Когда умер сначала ее отец, а вслед за ним и ее мать, мама вернулась в дом в Вирджинии, где она выросла. Весь предыдущий год ей приходилось много ездить туда и обратно; она и ее сестра Кейтлин навещали овдовевшую мать и ухаживали за домом, но, в конечном итоге, все же перевезли ее в дом престарелых. Бабушка пробыла там всего несколько дней и – слегка демонстративно – скончалась.

И потому мама решила сделать одну из тех вещей, которые у нее получаются лучше всего: обустроить дом. Она помогала нам, детям, обустраивать наши комнаты в общежитиях и наши квартиры, возглавляла ремонт нашего дома в Бостоне и заведовала покупкой маленького пляжного домика на Род-Айленде. Она даже попыталась сотворить чудо с комнатой матери в доме престарелых, еще не зная, что в ней предстоит прожить так мало; ей пришлось забрать кресло, которое так и простояло в углу, – им практически не пользовались.

Маме стоит лишь мельком взглянуть на какое-нибудь крошечное и мрачное пространство, и она может разместить в нем все, что нужно, так, чтобы это пространство стало уютным, чтобы оно стало твоим. Она всегда помогает нам выбирать мебель и развешивать полки, и красить стены, и неважно, насколько придирчиво требовательны условия аренды.

На этот раз, однако, все было иначе. Мама, Кейтлин и их брат Майкл решили продать дом, его надо было расчистить и подготовить для будущих жильцов. Мама постоянно рассылала нам по SMS фото, скорее напоминающие передачи канала HGTV: тот закуток в подвале, где бабушка хранила рукодельные принадлежности, теперь превратился в современную зону отдыха; уютная плюшевая гостиная, куда мы набивались толпой, чтобы открыть рождественские подарки, вдруг предстала в четких прямых линиях, с кофейным столиком по центру, который уж точно встал бы поперек дороги Санте.

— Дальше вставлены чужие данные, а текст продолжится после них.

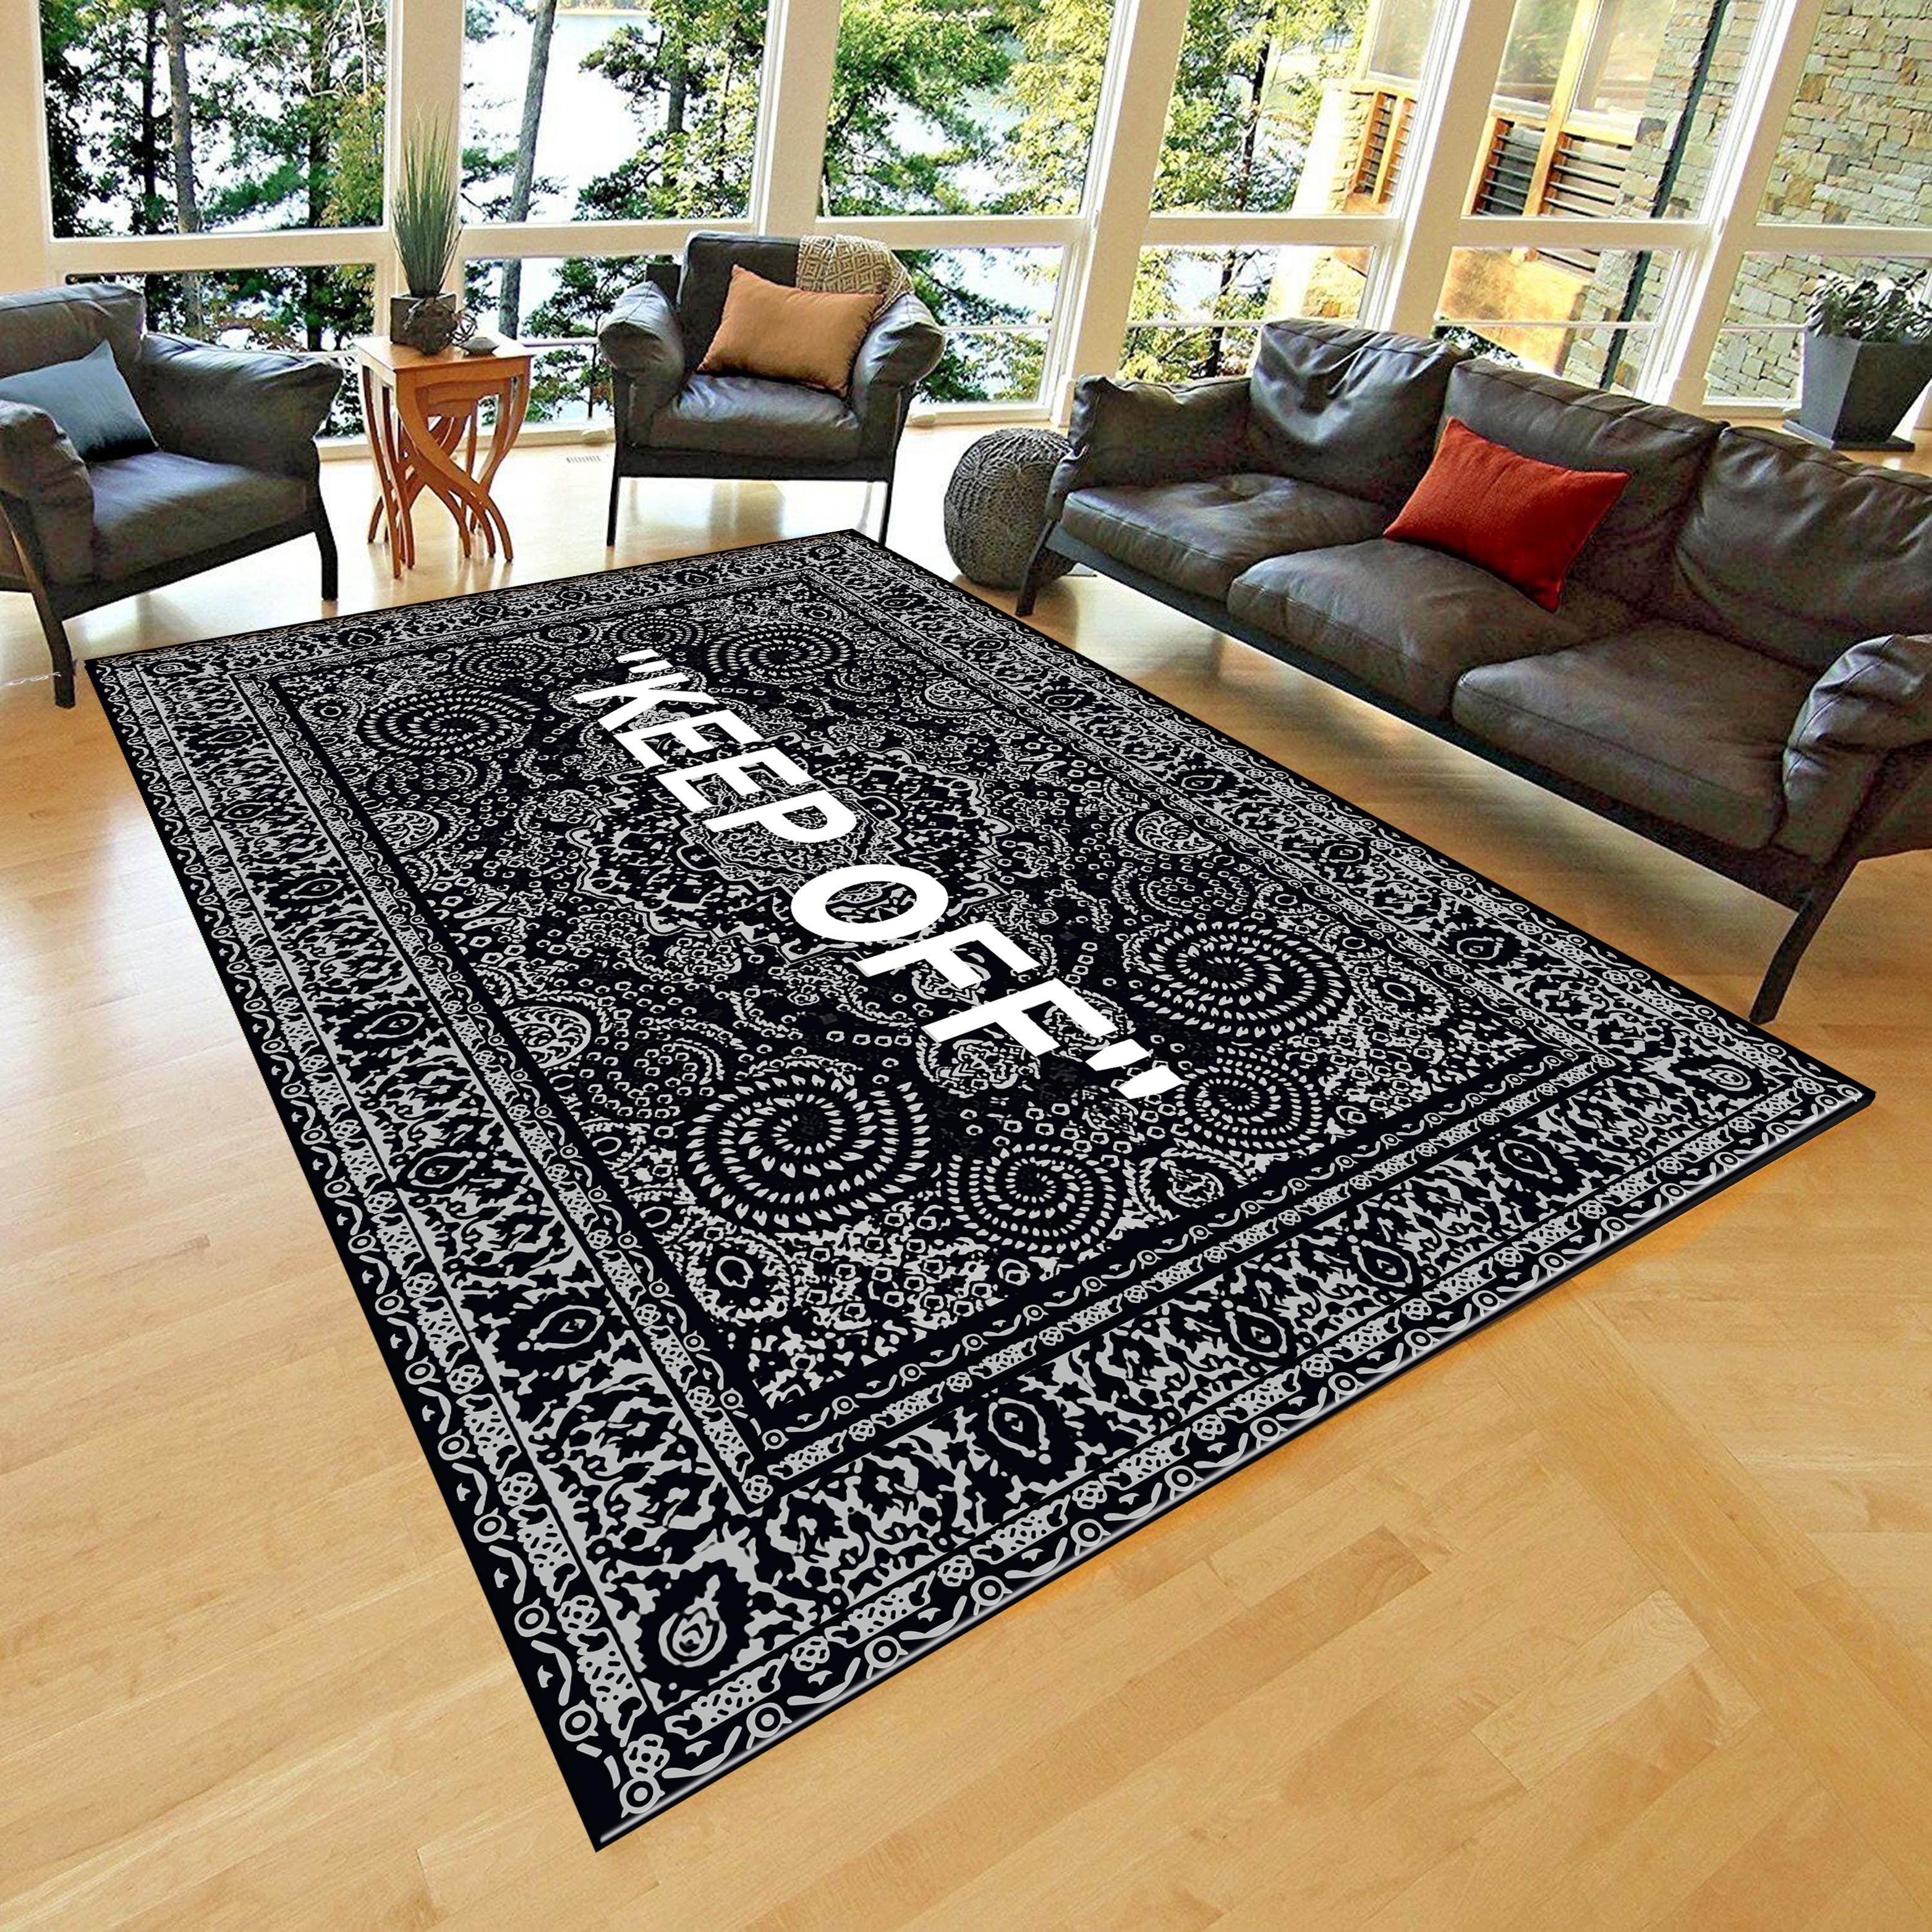 Keep Off Classic Patterned Carpet Fan Carpet Non Slip Floor Carpet Teen S Carpet Area Rug Carpet Aliexpress

На этих фотографиях дом выглядел меньше, чем я его помнила, может, потому, что за двадцать пять лет своих поездок в гости я никогда по-настоящему не думала о нем, как о доме. Это скорее была целая страна, и ей управляли два близнеца хранителя – дедушка и бабушка: дедушка – высокий и спокойный, и бабушка – маленькая, энергичная и любящая.

Но, конечно же, это был просто дом, и он всегда был просто домом, долгое-долгое время. Именно здесь выросли моя мама, и Кейтлин, и Майкл (кроме небольшого промежутка времени в Нью-Джерси и Англии), а Мэттью, Морайя и я проводили здесь каникулы. Мы входили в дом, и он поглощал нас целиком – знакомые запахи (сосновых иголок и кошек, но в хорошем смысле этого слова) и мифический запас всяческих безделушек (ваза, полная павлиньих перьев, резные деревянные слоники на любой доступной поверхности), нескончаемые коробки шоколадных конфет Whitman’s Sampler, в них можно было ковыряться в поисках начинки из карамели или кленового сиропа.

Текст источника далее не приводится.